No defence was offered, apart from the fact that Robertson had not been named, so only those who knew him would understand the allusion, and Robertson was awarded £1000. It has been asserted that Archibald enjoyed such cases, as they boosted his paper's image. According to Haynes, it was Argles who alerted Robertson to the fact of his mention in the article.
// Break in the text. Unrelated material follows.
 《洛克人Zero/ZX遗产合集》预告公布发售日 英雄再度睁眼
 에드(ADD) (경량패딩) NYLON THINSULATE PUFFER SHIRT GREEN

In 1882 Argles wrote an article for a new Sydney journal Society, which Robertson also claimed libelled him. The publisher, Alfred Argles (Note: It is not known whether Alfred Argles, publisher of Society, if not a fiction created for the purpose, is the same person as his uncle, who married one Elizabeth in Adelaide in 1849, had a son Alfred in 1850 and a daughter Harriet in 1851.) issued a fulsome apology, in which he announced dissolution of the partnership with Theo Argles and closure of the publication.

==Family==
While serving time in Maitland Gaol for the pocket-watch theft, Argles met Harriette Pyne Brown, who was visiting her brother Richard Pyne Brown (born c. 1857), (Note: Confusingly, similarly-named father and son had both been postmasters at East Maitland.) jailed for embezzlement. They married around 1880 and had one child, John Argles born c. June 1885.
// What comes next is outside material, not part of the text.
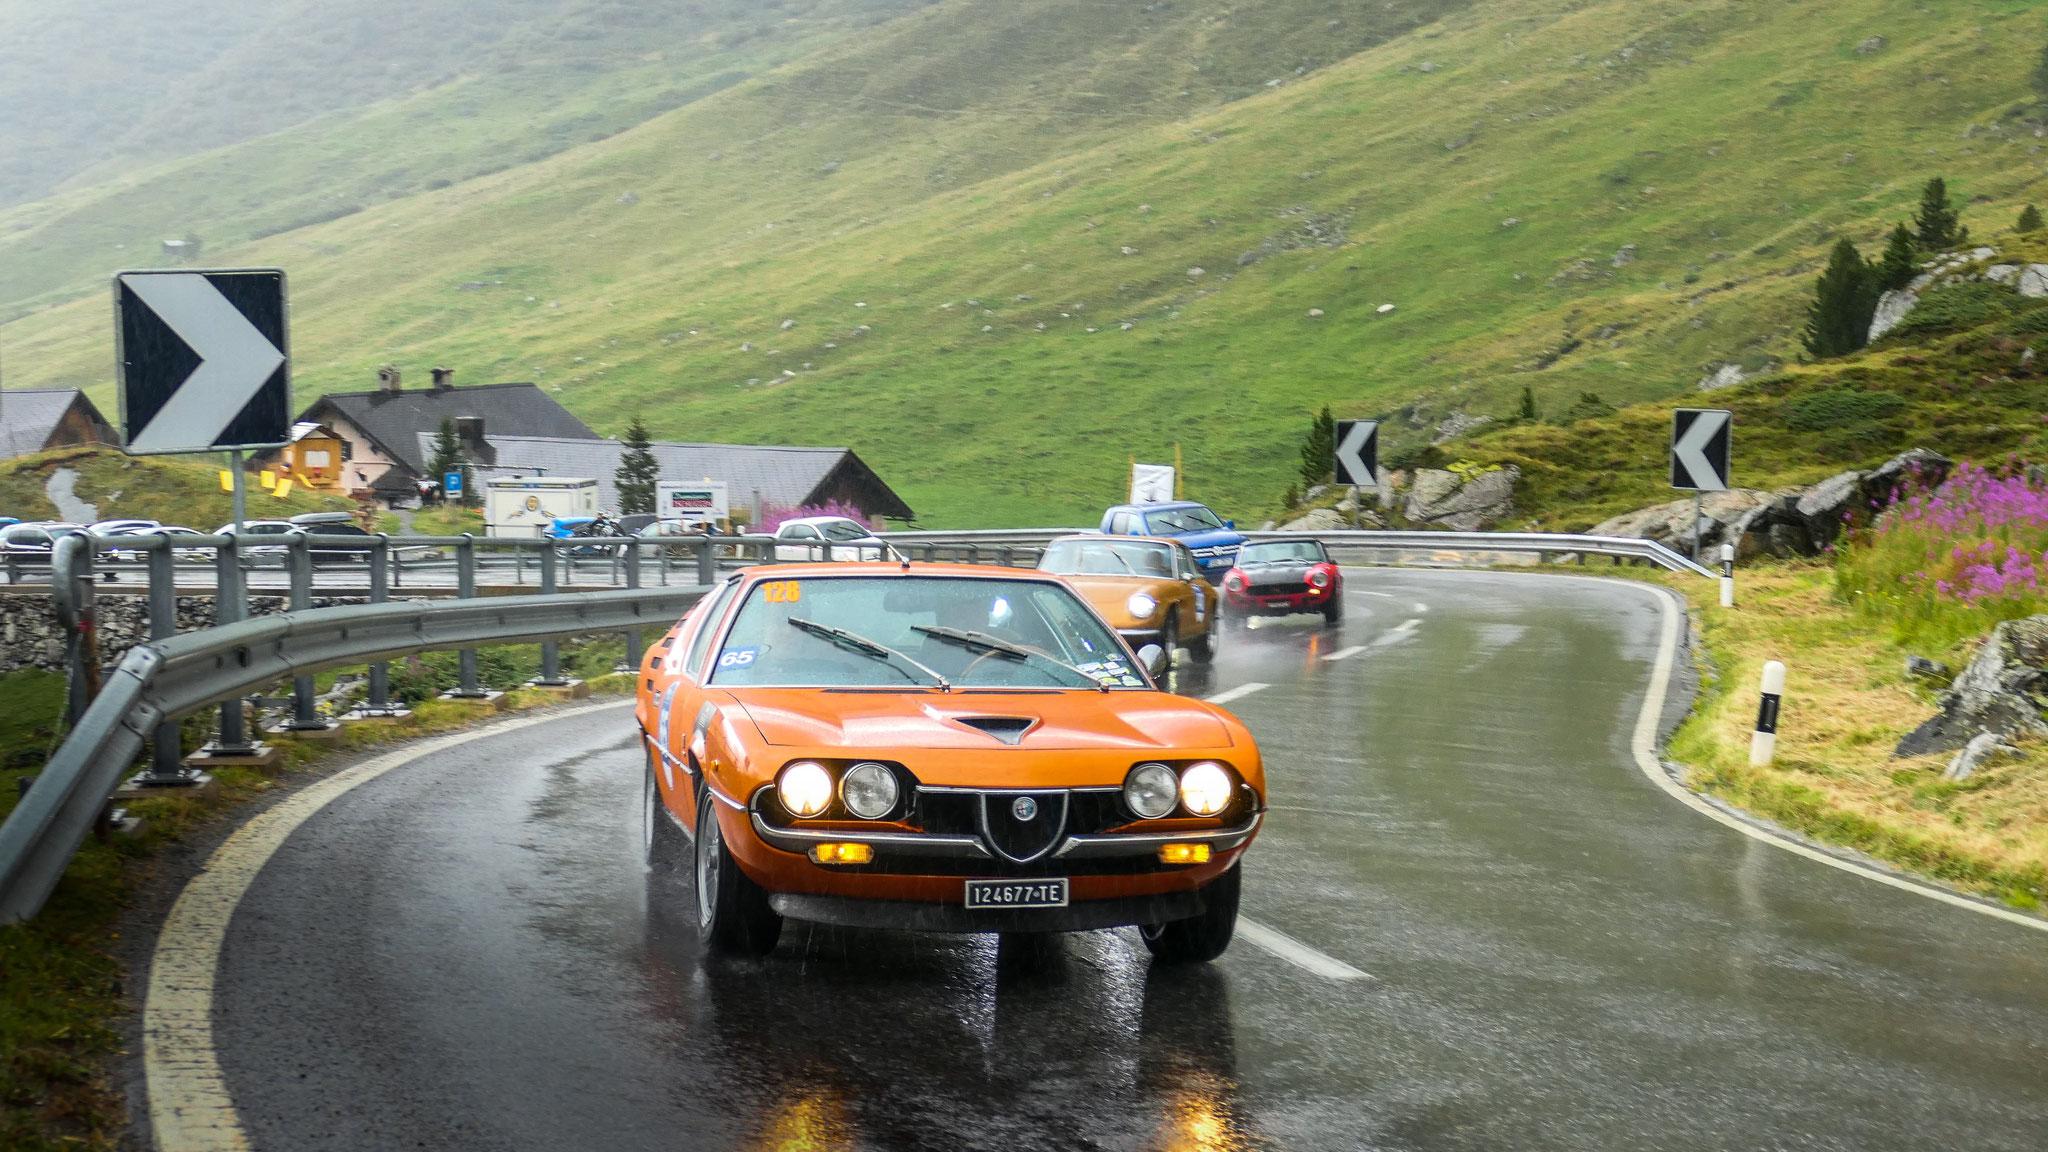 Alfa Romeo Montreal Bertone - 124677-TE (ITA)

He died at Brougham Street, Woolloomooloo after years of suffering from consumption and the effects of heavy drinking, in which absinthe played a part. He had the support of his wife and a host of friends, attracted to him, yet for whom he cared little. John Haynes likened him to a cat: . . . the incarnation of impishness, pure devilish mischievousness. Yet while not knowing what friendship or fidelity was, he was incapable of wanton vindictiveness . . . He lived in the delight of disturbing somebody's ease.
He was not a church-goer but was attracted to Roman Catholicism and in his last years received frequent visits from the Sisters of Charity of St. Vincent's Convent. He may have expressed a wish to die a Catholic, and Father P. Coonan, of St. Mary's Cathedral, was called in his last hours, but too late to perform the ceremony.
His remains were buried in the Waverley Cemetery, close to the grave of Henry Kendall, in compliance with his wishes.

==Publications==
(as listed in The Oxford Companion to Australian Literature)
- 1877: The Pilgrim pamphlet (8 issues)
- 1878: Another Pilgrim pamphlet (9 issues)
- 1878: Pilgrim pamphlet (9 issues)
- 1878: Sum Punkins
- 1878: My Unnatural Life
- 1878: Scenes in Sydney by Day and Night
- 1878: The Devil in Sydney satirical verses
- 1879: Common Cause (ed.) (Note: No other reference has been found to Common Cause, or to Common Sense as cited by SLSA, both purportedly Adelaide publications.)